台湾は本当に親日国か - 日本人への印象や差別の有無について

本記事では、「台湾の日本に対する印象」について、台湾在住の日本人女性にレポートしていただきました。

台湾は本当に親日国なのか、日本人に対して差別はあるのか、現地からのリアルなレポートです。

はじめに - 親日国ランキング3位の台湾

台湾と聞くと、「親日国」というイメージが強い人も多いのではないでしょうか。実際、「Docca」の調べによると、台湾は親日国ランキング3位にランクインしています。

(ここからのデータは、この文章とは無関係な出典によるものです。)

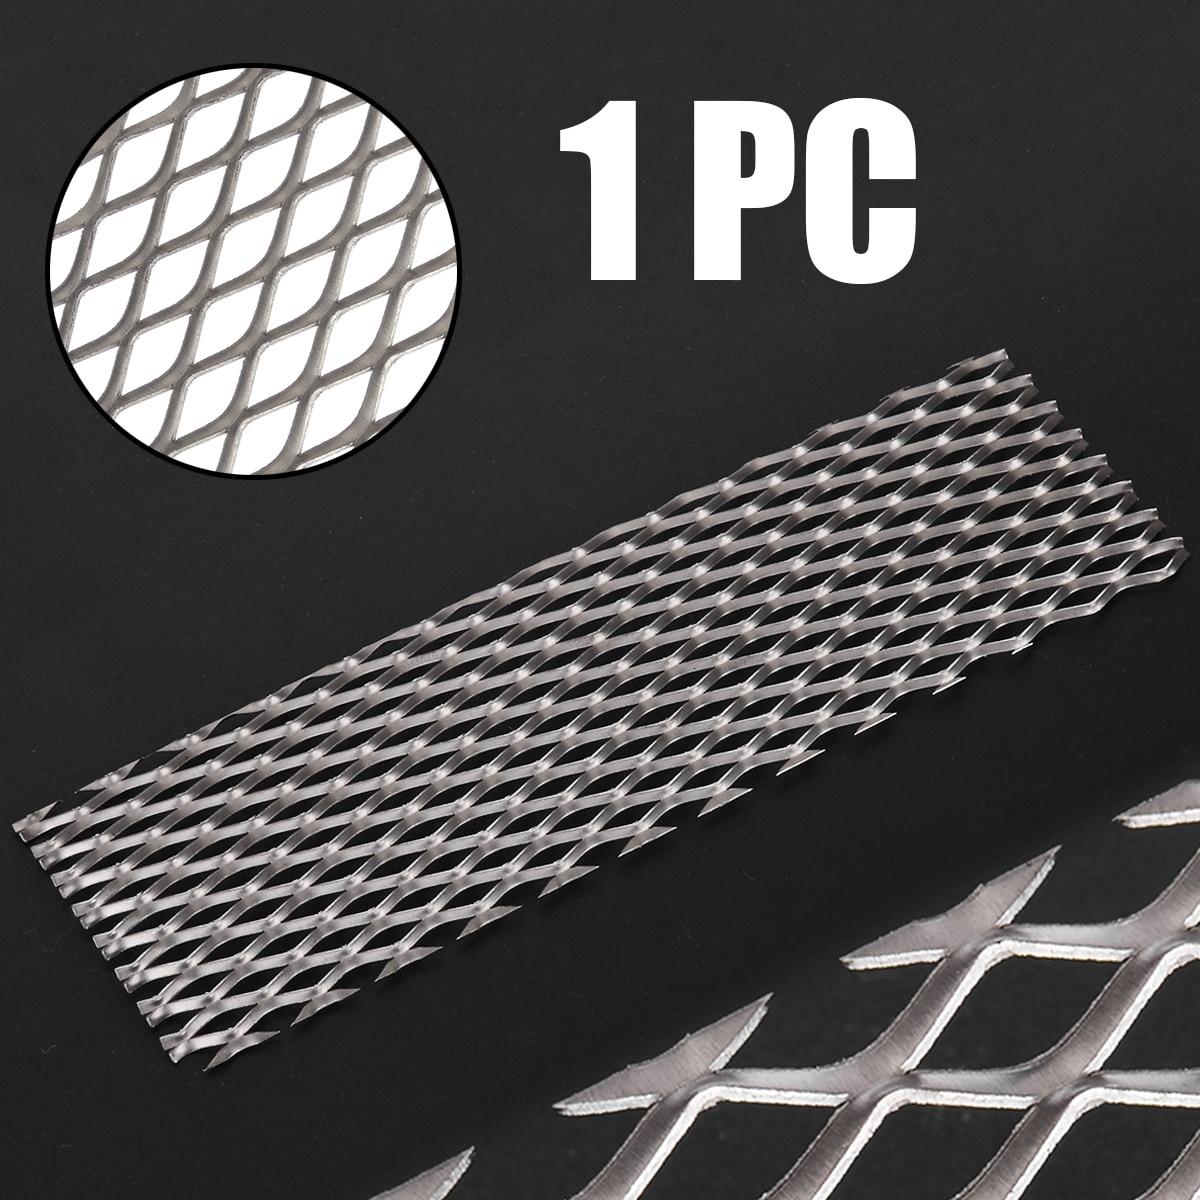 1pc New Titanium Mesh Sheet Heat Resistance Recycled Metal Mesh Electrode For Electrolysis 50mmx165mm

かつて台湾を統治していたという歴史を持つ日本に対し、なぜ好印象を持つ台湾人が多いのでしょうか。

台湾が日本に好印象を持つ理由

その1:日本統治時代の経済効果

1つ目の理由は、日本の統治時代の台湾に大きな経済効果をもたらしたことです。

中国にも統治されていた台湾ですが、「中国統治時代は過酷だった」「経済効果のおかげで生活の質が向上した」ということから、日本を良く思う台湾人も多いようです。

その2:台湾の若者の、日本文化への興味関心

もう1つは、台湾の若年層が日本の伝統、現代文化に非常に興味を持っていることです。

若者が日本語や日本の文化を積極的に学ぶことも少なくなく、観光や留学などで日本を訪れる台湾人も一定数存在します。また、「日本人のおかげで台湾が良くなった」という昔の人々の話を聞いて育ったことも、親日に大きく影響していると考えられます。

台湾の日本人への良い印象

パラオ、タイに続く親日国と言われている台湾ですが、実際台湾の人々は日本人に対してどのような印象を持っているのでしょうか。台湾人が抱く日本人への良い印象を見ていきましょう。

良い印象1:礼儀正しい

日本人への印象やイメージとして最も大きいのが「礼儀正しさ」です。

日本人の礼儀正しさや規律を守る姿には、多くの外国人が驚きや好印象を覚えるようですが、台湾の人も同じ。また、礼儀正しさに加え、日本人の「おもてなし」の心が台湾人にとってはとても嬉しいそうです。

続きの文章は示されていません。